I watched the birth of both of my children and two of my four grandchildren. I have been married only once, and we will celebrate our 40th anniversary in July. I take comfort that my in-laws were married for 51 years and my parents for more than 55 years until took one of each pair.

I founded and edited a campus magazine when I was a college freshman. I was the first president of Ayres House at Iowa State University. A year later, I was first president of a 2,400-men residential hall system. I played tuba in high school, was editor of the high school newspaper and was class valeditorian.

I have correspondence from Nobel Peace Prize laureate Eli Wiesel, thelogian Norman Cousins, author Leo Buscaglia, Ed Asner, Lute Olson, Charles Kuralt, and Michael Dukakis.

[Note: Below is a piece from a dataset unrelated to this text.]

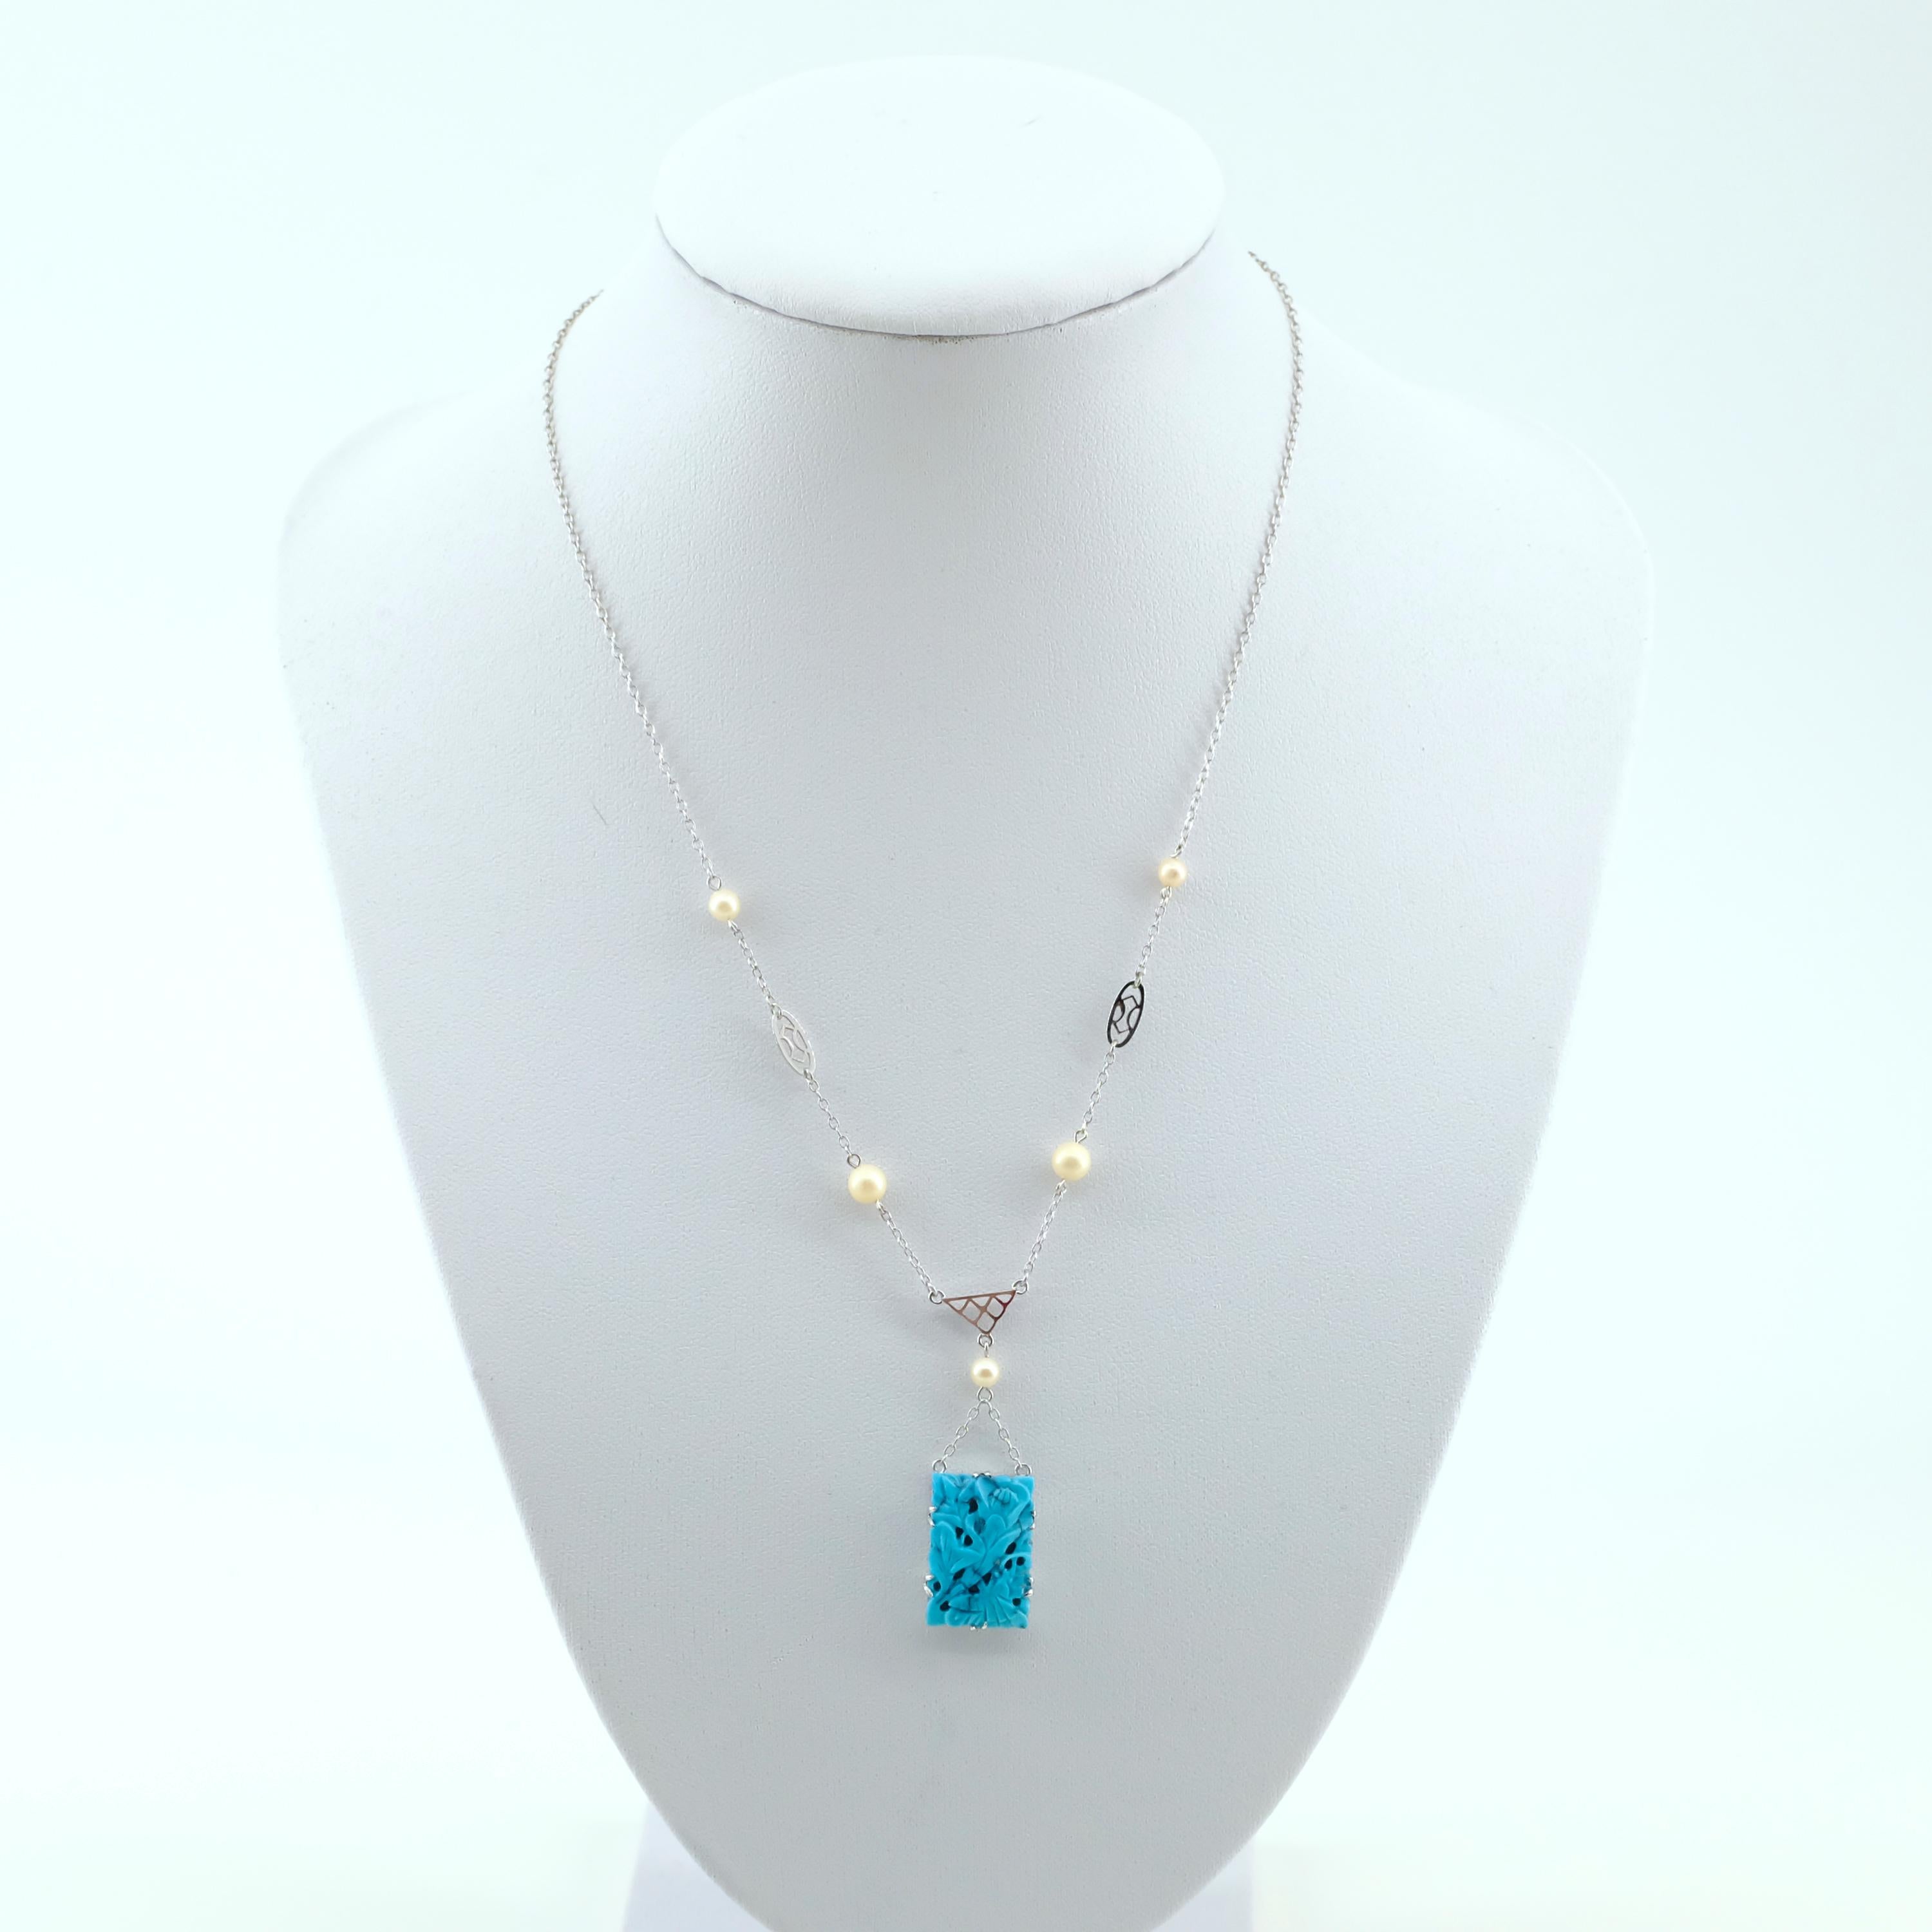 Arts and Crafts Arts & Crafts Necklace of Carved Turquoise and Pearls

I have stood on the equator in Ecuador, beheld the Leaning Tower of Pisa, gloried in the Sistine Chapel, and look upon the paintings of Mona Lisa, American Gothic and Whistler’s Mother. I have cleaned the pit of an outhouse, mowed fields of alfalfa and clover, skinny-dipped in farm creeks, milked Holstein cows morning and night for years, built large sheds, have seen, in person, the queen of Spain and seven U.S. presidents: Johnson, Nixon, Ford, Reagan, Clinton, Bush 43 and Obama. I sat in Chile’s congressional chambers and stood on the floor of the U.S. House of Representatives. I worked in the National Press Building in Washington, D.C. I attended Red Cross board meetings in the home of Bill and Erma Bombeck in Paradise Valley, and once met philanthropist Virginia Piper there. I have serve eight three-year terms as a Presbyterian church officer (elder, deacon and trustee). I learned to say the presidents of the United States and their years in office when I was age 8. I have served on a behavior health agency board of directors for more than 25 years.

I have spoken out in voice and print against prejudice and margination of women, discrimination against gay people and the cruel indecency of male infant circumcision. I have served meals at soup kitchens, read books to Head Start children and received the Golden Rule Award from Arizona Interfaith Movement. I was the 12th recipient of Tempe’s Don Carlos Humanitarian Award and third winner of Tempe Leadership’s Outstanding Community Leadership Award. I have 79 file drawers in my house, which iw now paid off. I deeply love my wife and family.

I could die this day fully content that it’s been a full, rich, purpose-filled life — graced by good people doing good deeds and being forces to end the tyranny that comes with civilization and human failings.